According to Eurostat data, in 2010, 90% of children between three and school age were enrolled in formal childcare, compared to the EU average of 84% (2010). 73% of children in this age group attended part-time childcare. 29% of children under-three years of age were in formal childcare in 2010 (the EU average being 28%). Slightly over two thirds of children in this age group attended childcare for less than 30 hours a week. These figures fall short of the EU Barcelona Goals for childcare provision.
From 2008 to 2010 disadvantaged and low income families were supported with childcare costs by the Community Childcare Subvention (CCSS). From September 2010 the CCSS was replaced by the improved Community Childcare Subvention Programme, under which increased subvention rates are paid to low-income working parents. Under the scheme, parents in receipt of social welfare benefits or Family Income Supplement qualify for a weekly childcare subvention of €100, and parents who qualify for medical visit cards receive a weekly subvention of €50. Typically, parents supported under the programme pay approximately 33% of the cost of their childcare, with the State paying the balance. In addition, parents attending employment, training and educational courses can get free childcare places under the Childcare Education & Training Support (CETS) programme. Some 30,000 parents benefit from the CCS and CETS programmes.

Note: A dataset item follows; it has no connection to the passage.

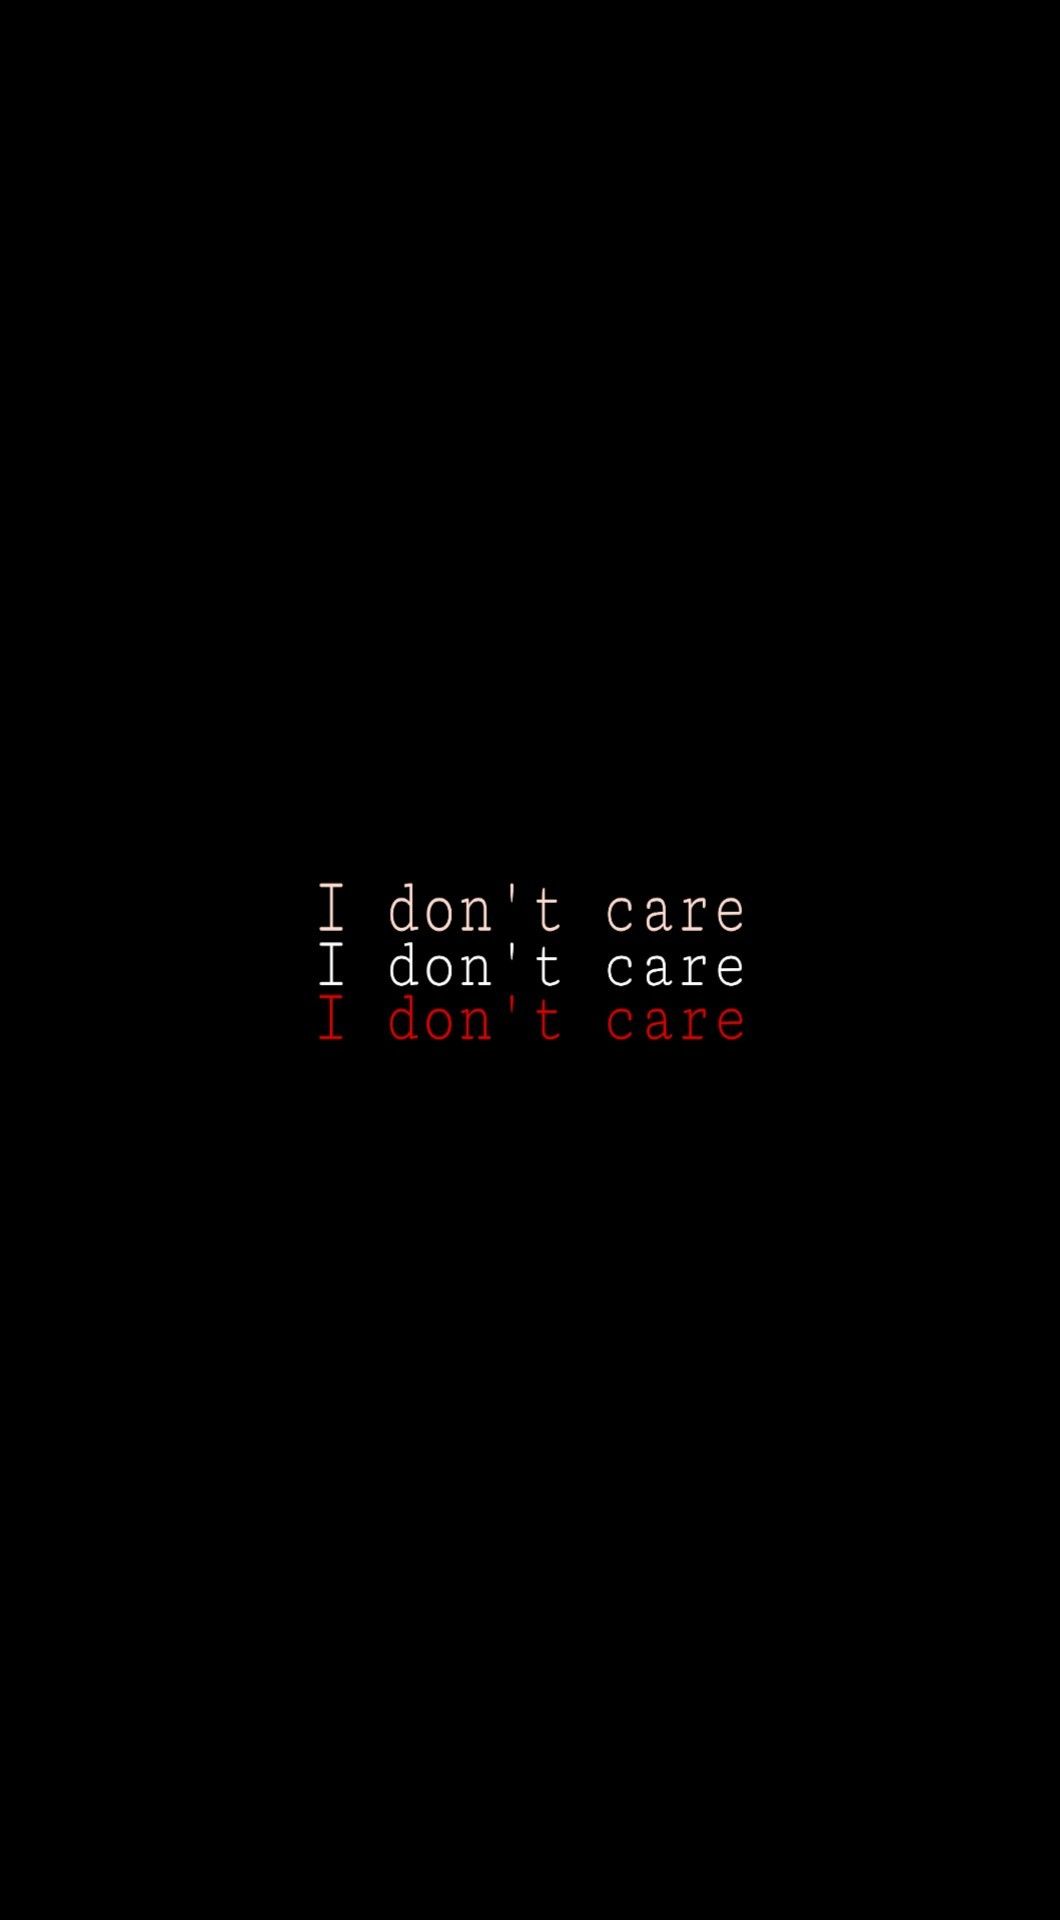 I don't care. Don't care quotes, I dont care quotes, Black aesthetic wallpaper
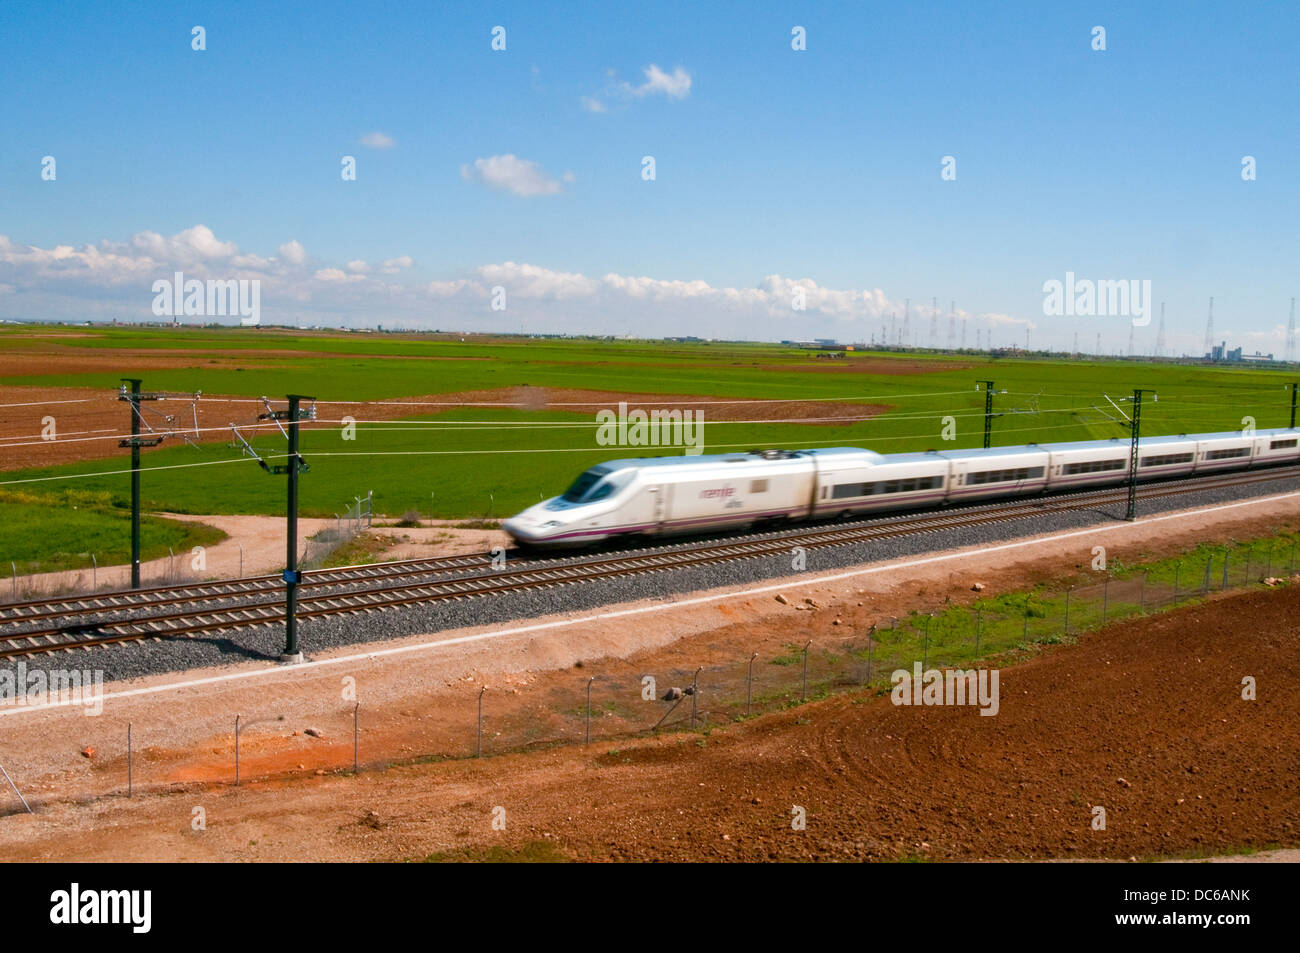 Madrid-Valencia high-speed train traveling along the country. Ocaña, Toledo province, Castilla La Mancha, Spain. Stock Photo

Pregnant women in employment are entitled to 26 weeks of maternity leave, during which they receive maternity benefit. Its amount is calculated by dividing gross income in the relevant tax year by the number of weeks worked. The weekly payments are fixed at 80% of this income, subject to a minimum payment of €217.80 and a maximum payment of €262 per week. An additional maternity leave of 16 weeks is unpaid.
There is no statutory right to paternity leave, but both parents have an equal entitlement to parental leave of up to 14 weeks for each child. This can be transferred between parents if they work for the same employer and the employer agrees. This is unpaid and must be taken before the child is more than eight years old. The leave may be taken in one continuous period or in two blocks of 6 weeks or more, with at least 10 weeks between, but 14 weeks is the maximum that can be taken in any 12 month period. With the agreement of the employer parental leave can be taken in other formations.
The information in the country profile was last updated in November 2012.
In January 2010 the Irish government introduced the free Pre-School Year in Early Childhood Care and Education (ECCE). The scheme gives access to a free year of appropriate programme-based activities in the year preceding primary school.
Children are eligible if they are aged between three years three months and four years six months in September each year. The service is available to all parents through pre-school or childcare services subject to local availability. From January to August 2010, some 53,000 children benefited from the scheme (83% of all eligible children in the year before primary school). Almost all (96%) of pre-school services in Ireland participated in the scheme.